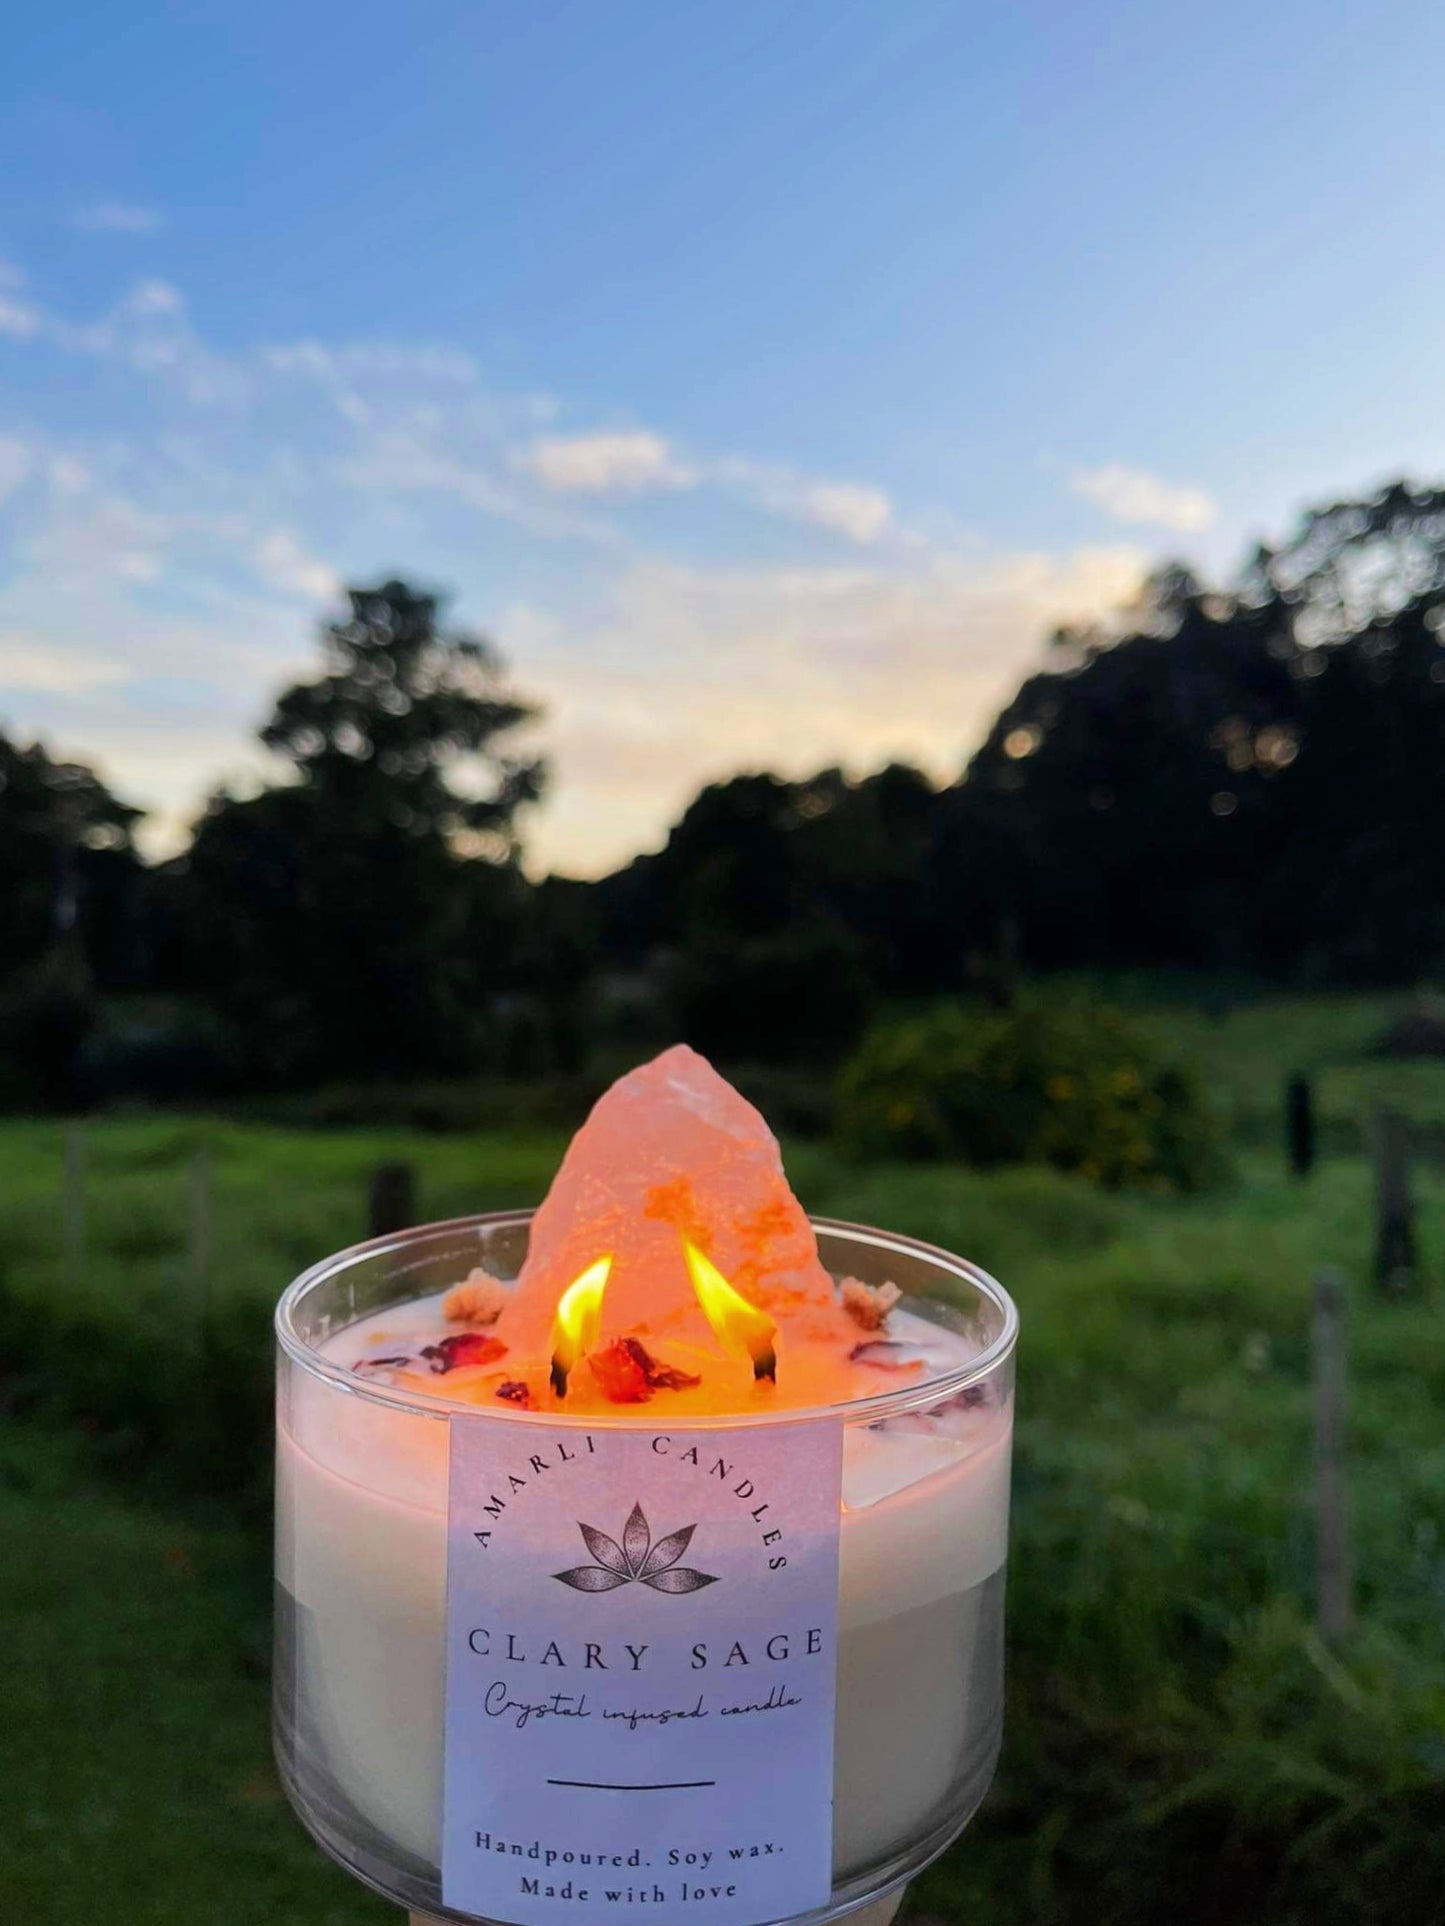 Crystal candle
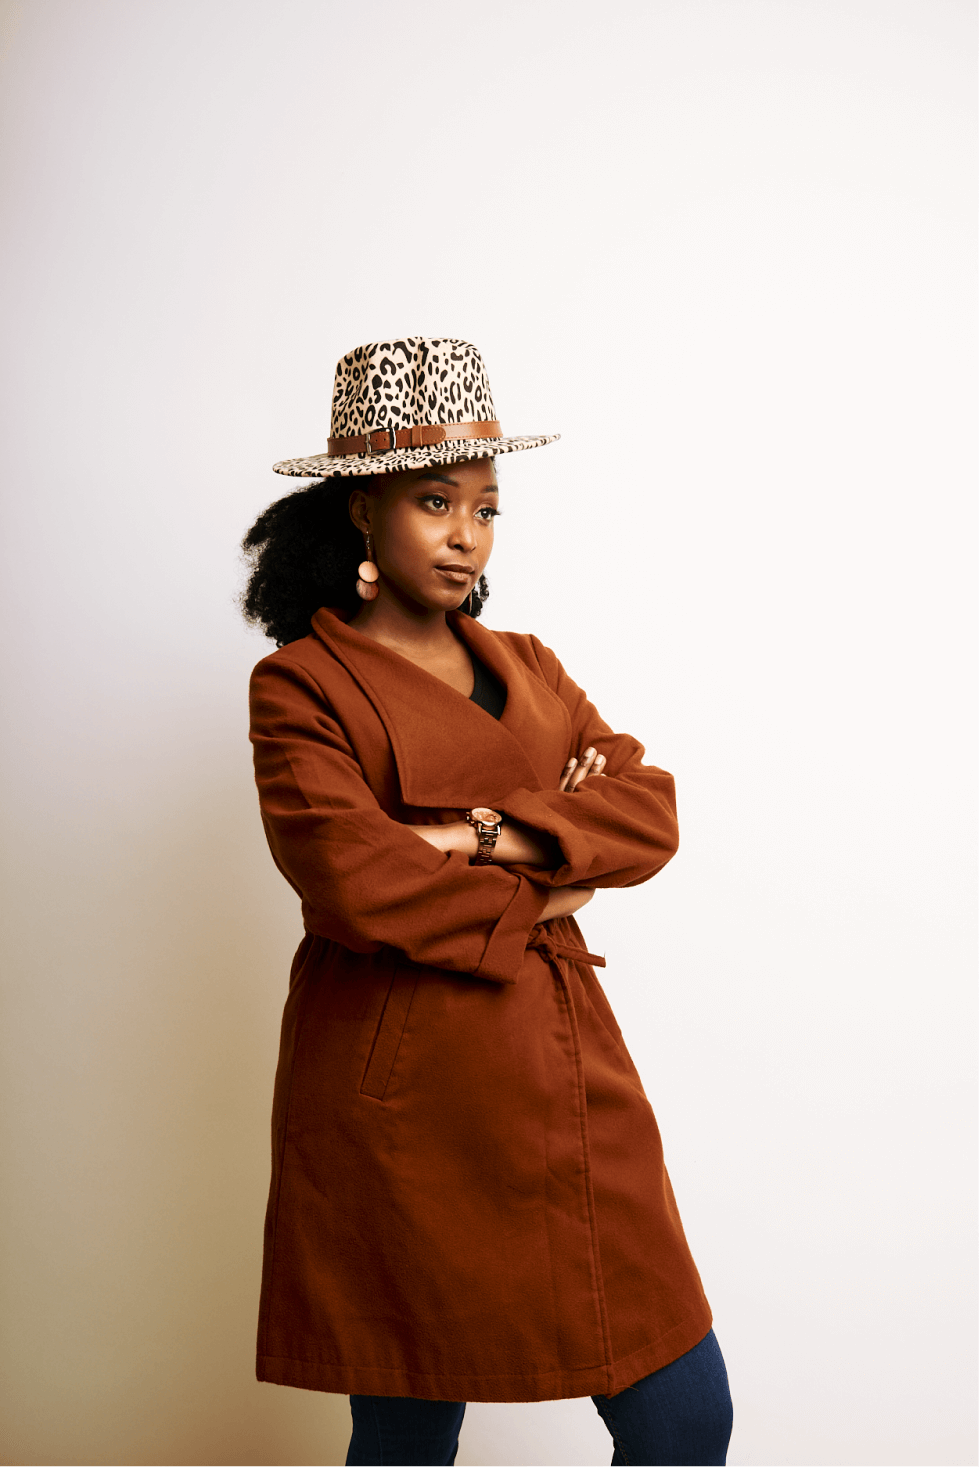 Shop Brown Wool Blend Jacket by The Fashion Frenzy on Arrai. Discover stylish, affordable clothing, jewelry, handbags and unique handmade pieces from top Kenyan & African fashion brands prioritising sustainability and quality craftsmanship.
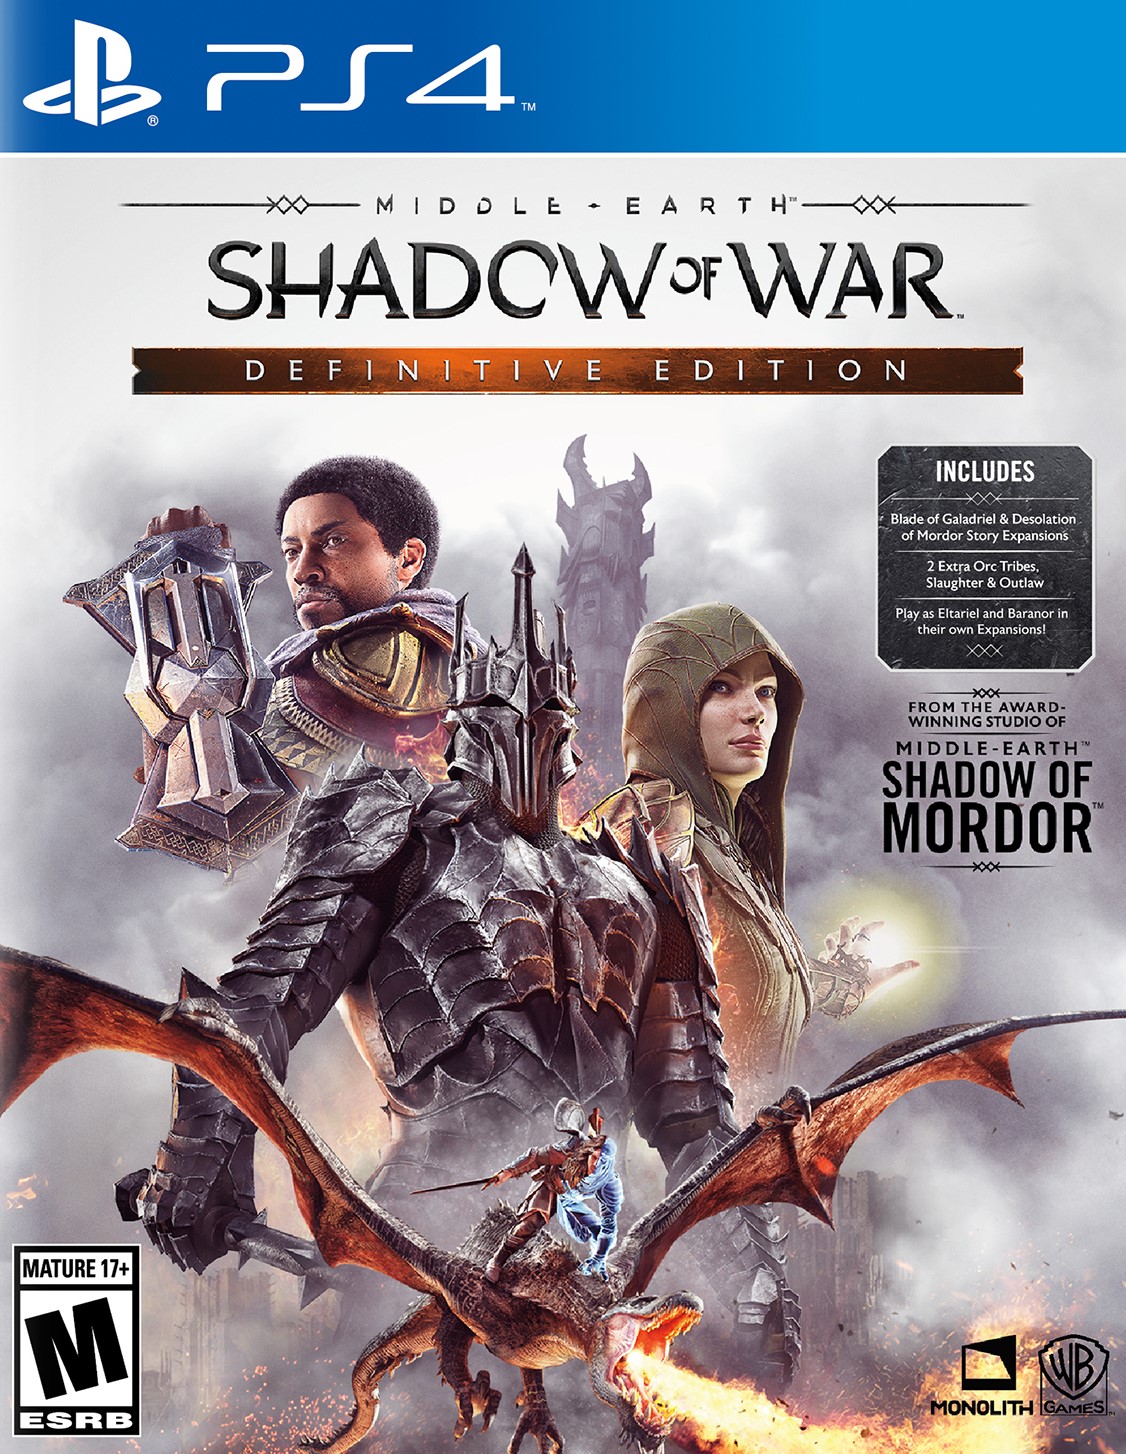 Middle-earth: Shadow of War - Definitive Edition [PS4] 5.05 / 6.72 / 7.02 [EUR] (2018) [Русский] (v1.18)
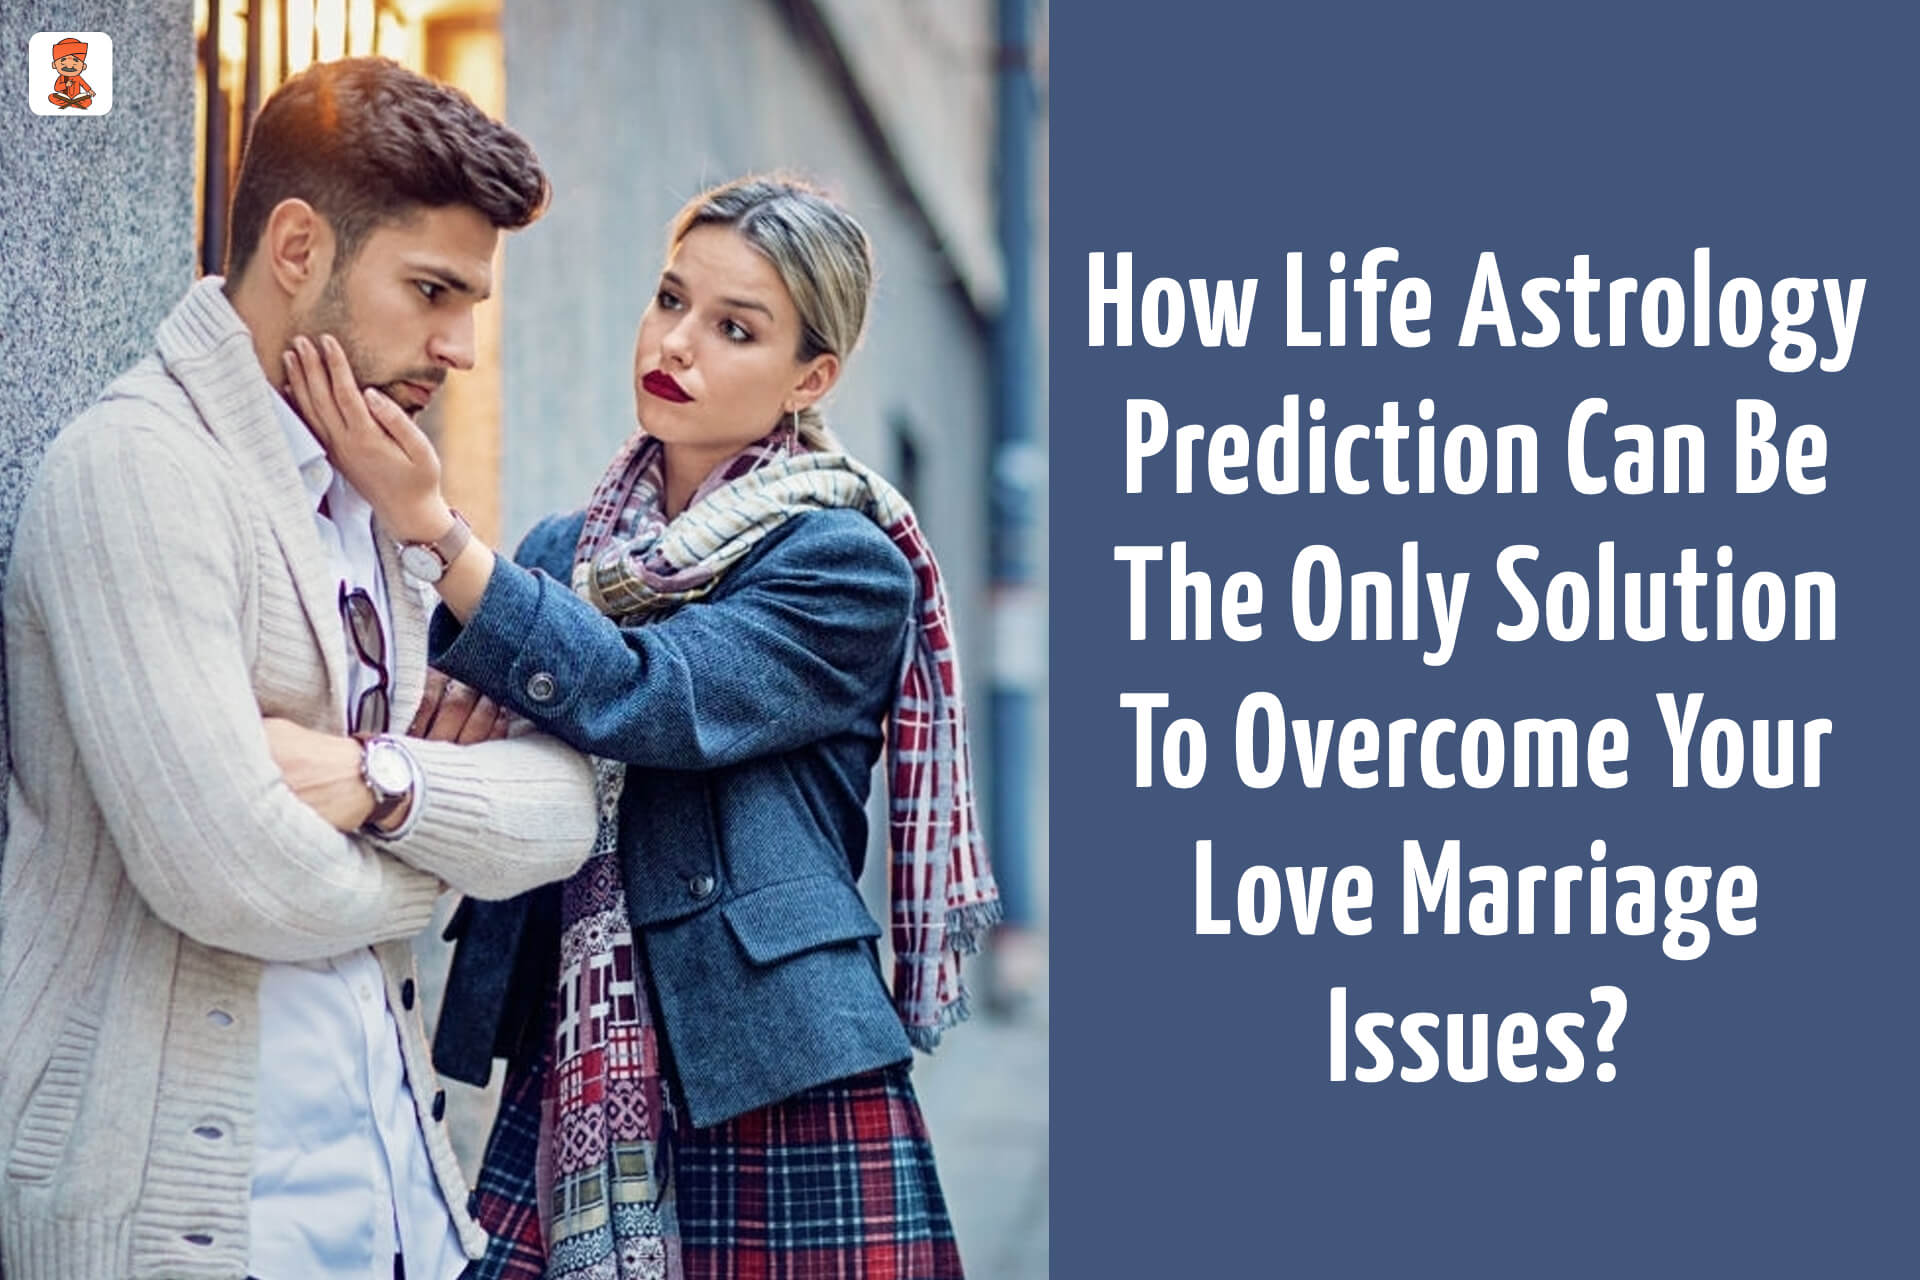 How Life Astrology Prediction Can Be The  Solution For Love Marriage Issues?

Task statement ▸ Take the listing above and restate it word for word, without its pictures.

Exercise output ▸
 Crystal candle
 Shop Brown Wool Blend Jacket by The Fashion Frenzy on Arrai. Discover stylish, affordable clothing, jewelry, handbags and unique handmade pieces from top Kenyan & African fashion brands prioritising sustainability and quality craftsmanship.
 Middle-earth: Shadow of War - Definitive Edition [PS4] 5.05 / 6.72 / 7.02 [EUR] (2018) [Русский] (v1.18)
 How Life Astrology Prediction Can Be The  Solution For Love Marriage Issues?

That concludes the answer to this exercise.